He hadn't long to wait. On the last Friday of September he received a note requesting his presence in the board room at three o'clock on Monday. He rushed home after his last class and told Alice about it.

"Let's hope their decision is favorable," she said.

"It has to be," Dr. MacNare answered with conviction.

He spent the week-end making plans. "They'll probably assign me a machinist and a couple of electronics experts from the hill," he told Alice. "I can use graduate students for work with the animals. I hope they give me Dr. Munitz from Psych as a consultant, because I like him much better than Veerhof. By early spring we should have things rolling."

Monday at three o'clock on the dot, Dr.

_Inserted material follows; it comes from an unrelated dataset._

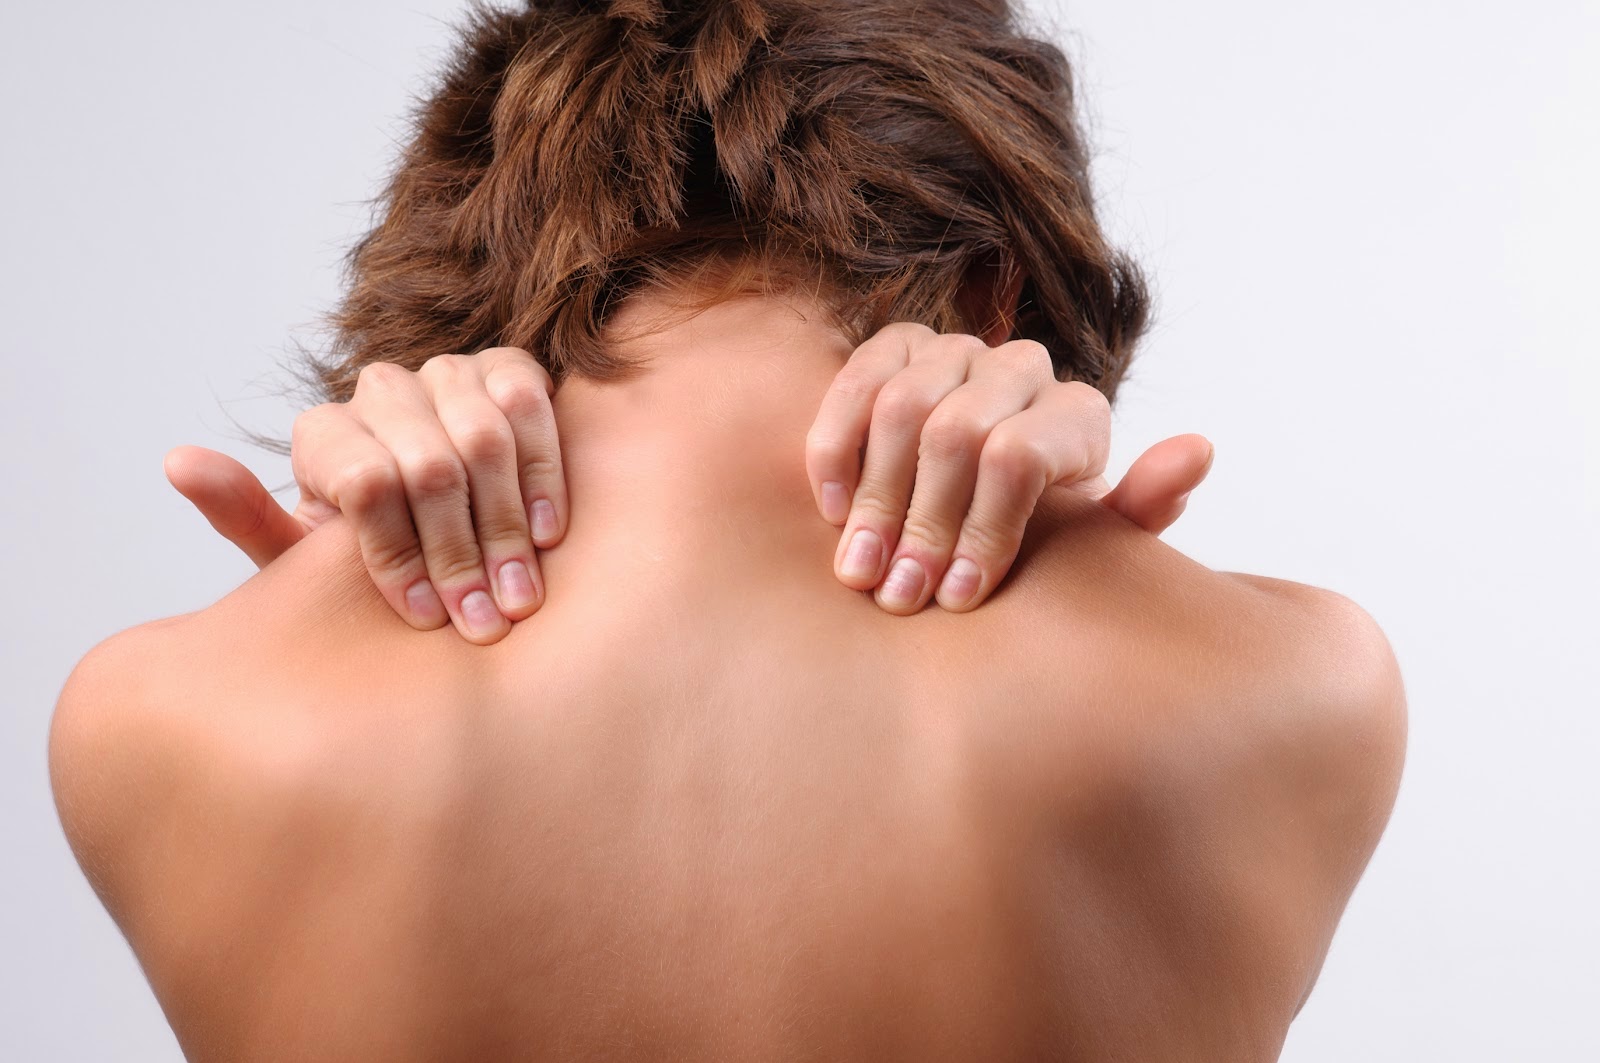 Πόνος στην πλάτη: Δείτε που μπορεί να οφείλεται
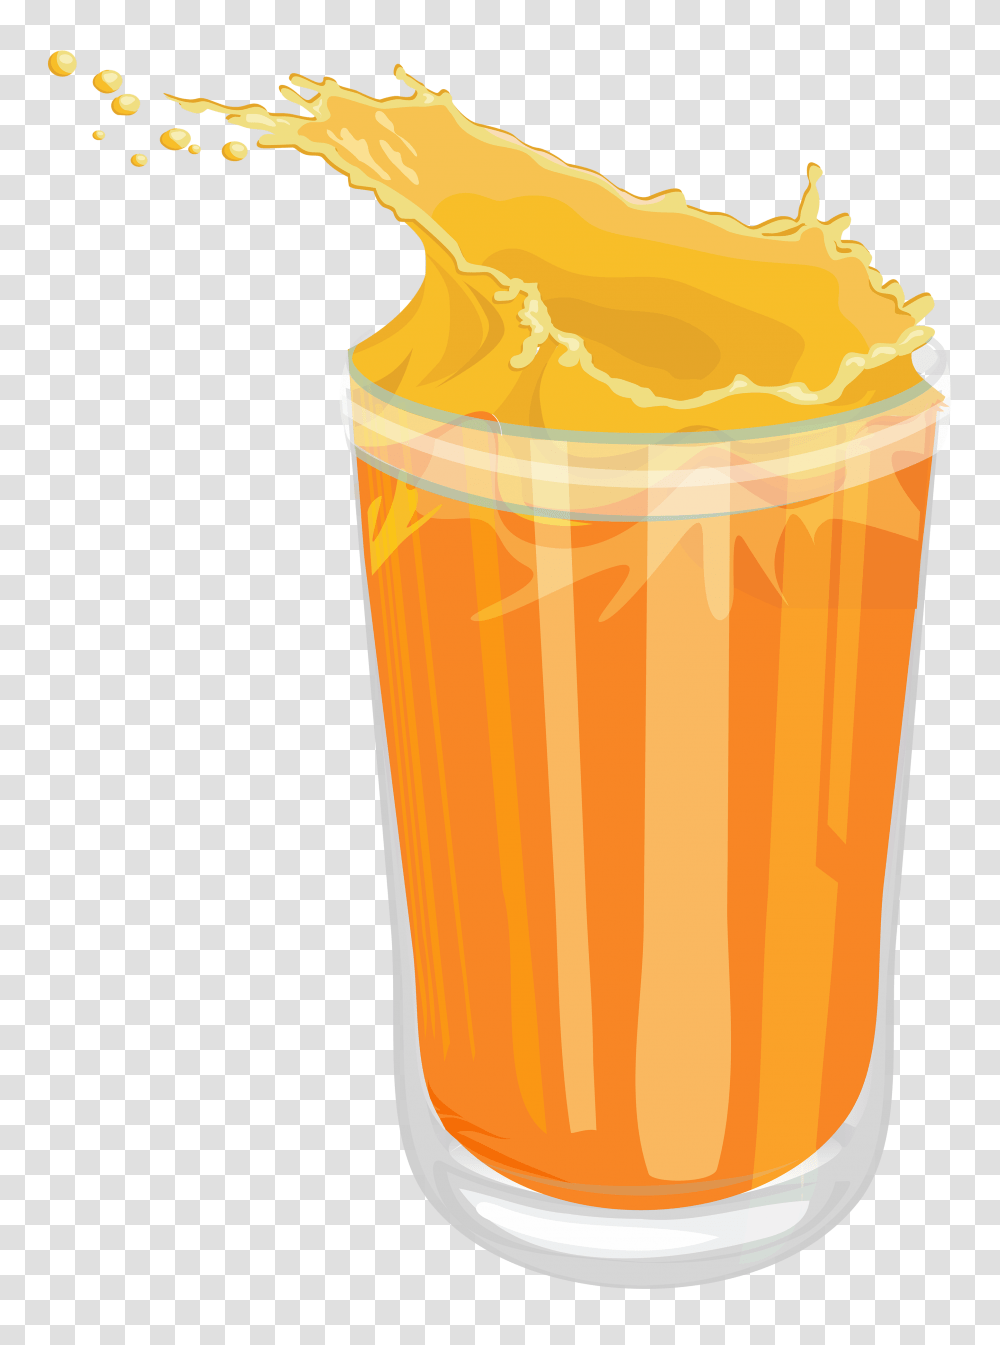 Orange Juice Dessert Drinks, Beverage, Smoothie, Beer Glass, Alcohol Transparent Png

MacNare knocked on the door of the board room, and entered. He was not unfamiliar with it, nor with the faces around the massive walnut conference table. Always before he had known what to expect—a brief commendation for the revisions in his textbook on calculus for its fifth printing, a nice speech from the president about his good work as a prelude to a salary raise—quiet, expected things. Nothing unanticipated had ever happened here.

Now, as he entered, he sensed a difference. All eyes were fixed on him, but not with admiration or friendliness. They were fixed more in the manner of a restaurateur watching the approach of a cockroach along the surface of the counter.

Suddenly the room seemed hot and stuffy. The confidence in Dr. MacNare's expression evaporated. He glanced back toward the door as though wishing to escape.

"So it's you!" the president said, setting the tone of what followed.

"This is yours?" the president added, picking up the neatly typed manuscript, glancing at it, and dropping it back on the table as though it were something unclean.

Dr. MacNare nodded, and cleared his throat nervously to say yes, but didn't get the chance.